Y hoy Jesús nos dirá: ‘Si el mundo os odia, sabed que me ha odiado a mí antes que a vosotros… no sois del mundo… por eso el mundo os odia…’ Bien conocemos la historia de las persecuciones que han sufrido los cristianos a lo largo de los tiempos. El innumerable ejército de los mártires glorifica al Señor.

Recordamos aquella multitud innumerable de los vestidos de blanco y con palmas en sus manos de quienes nos habla el libro de la Apocalipsis. ‘¿Quiénes son y de dónde han venido? Esos son los que vienen de la gran tribulación, los que han lavado y purificado sus túnicas en la sangre del Cordero’.

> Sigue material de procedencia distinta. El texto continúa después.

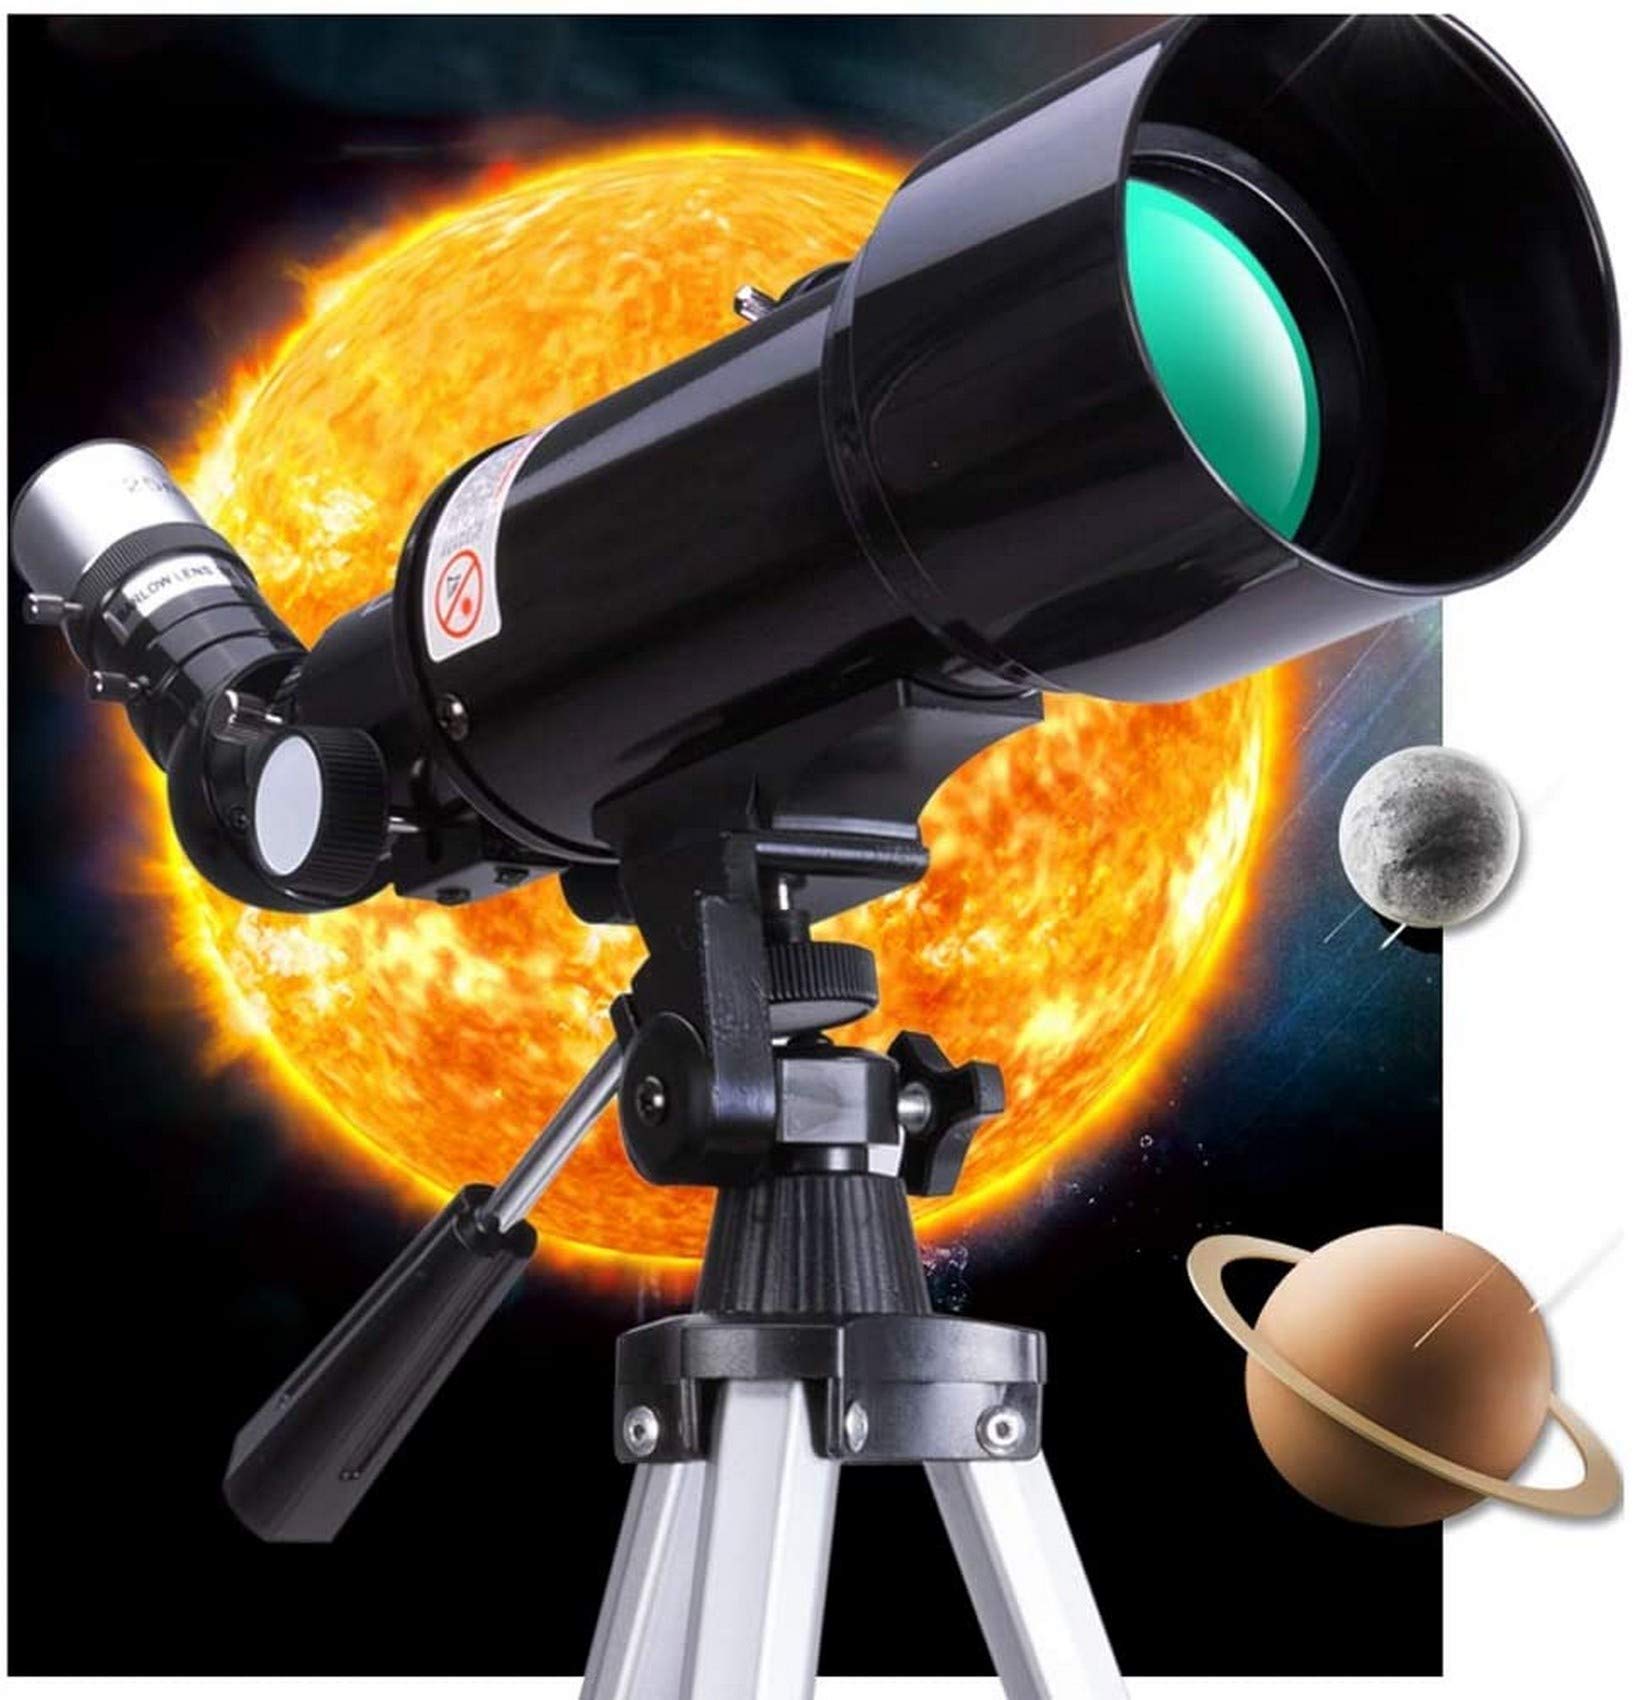 Tragbares Outdoor-Teleskop, Teleskope für die Astronomie, Refraktor-Teleskop, vollvergütete Glasoptik, ideales Teleskop für Anfänger mit tragbarer Tasche und Stativ (Paket 2 A)
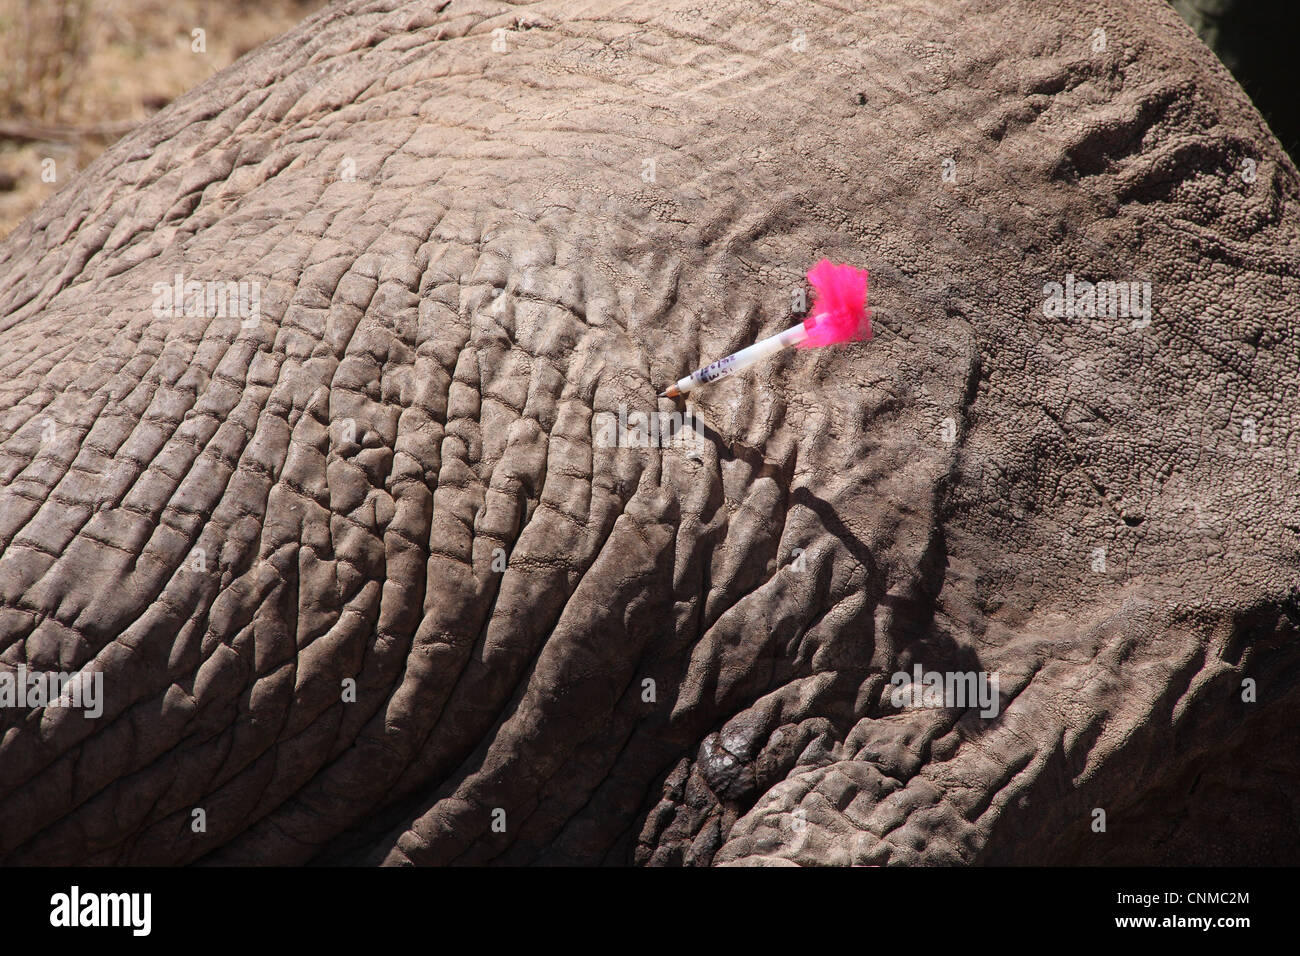 Elefante Africano Loxodonta africana adulto tranquilised tranquilizante dart con heridas de bala en la piel tratada por vet Buffalo Foto de stock

No siempre el mundo nos va a entender. No siempre se va a entender la obra de la Iglesia. Bien sabemos cómo de una forma o de otra se la quiere desprestigiar. Se quiere ver ocultas intenciones en lo que hacen los cristianos y ante la más mínima debilidad que podamos tener enseguida se nos acusará con las más duras acusaciones porque sería una forma de desprestigiar, obscurecer lo bueno que haga la Iglesia. No se es capaz de ver cómo la Iglesia aunque compuesta por hombres con todas sus debilidades humanas, es algo divino porque quien guía y conduce a la Iglesia es el Espíritu del Señor. Como nos dice Jesús: ‘Todo eso lo harán con vosotros a causa de mi nombre, porque no conocen al que me envió’.

Cuando no se quieren abrir los ojos a la fe, fácilmente se pueden ver las cosas de manera turbia. Y todo eso nos duele y nos hace difícil nuestra tarea. Pero ya vemos por una parte cómo fue lo que hicieron con Jesús y por otra parte nosotros sentiremos siempre la asistencia, la fuerza y la gracia del Espíritu del Señor que estará siempre con nosotros.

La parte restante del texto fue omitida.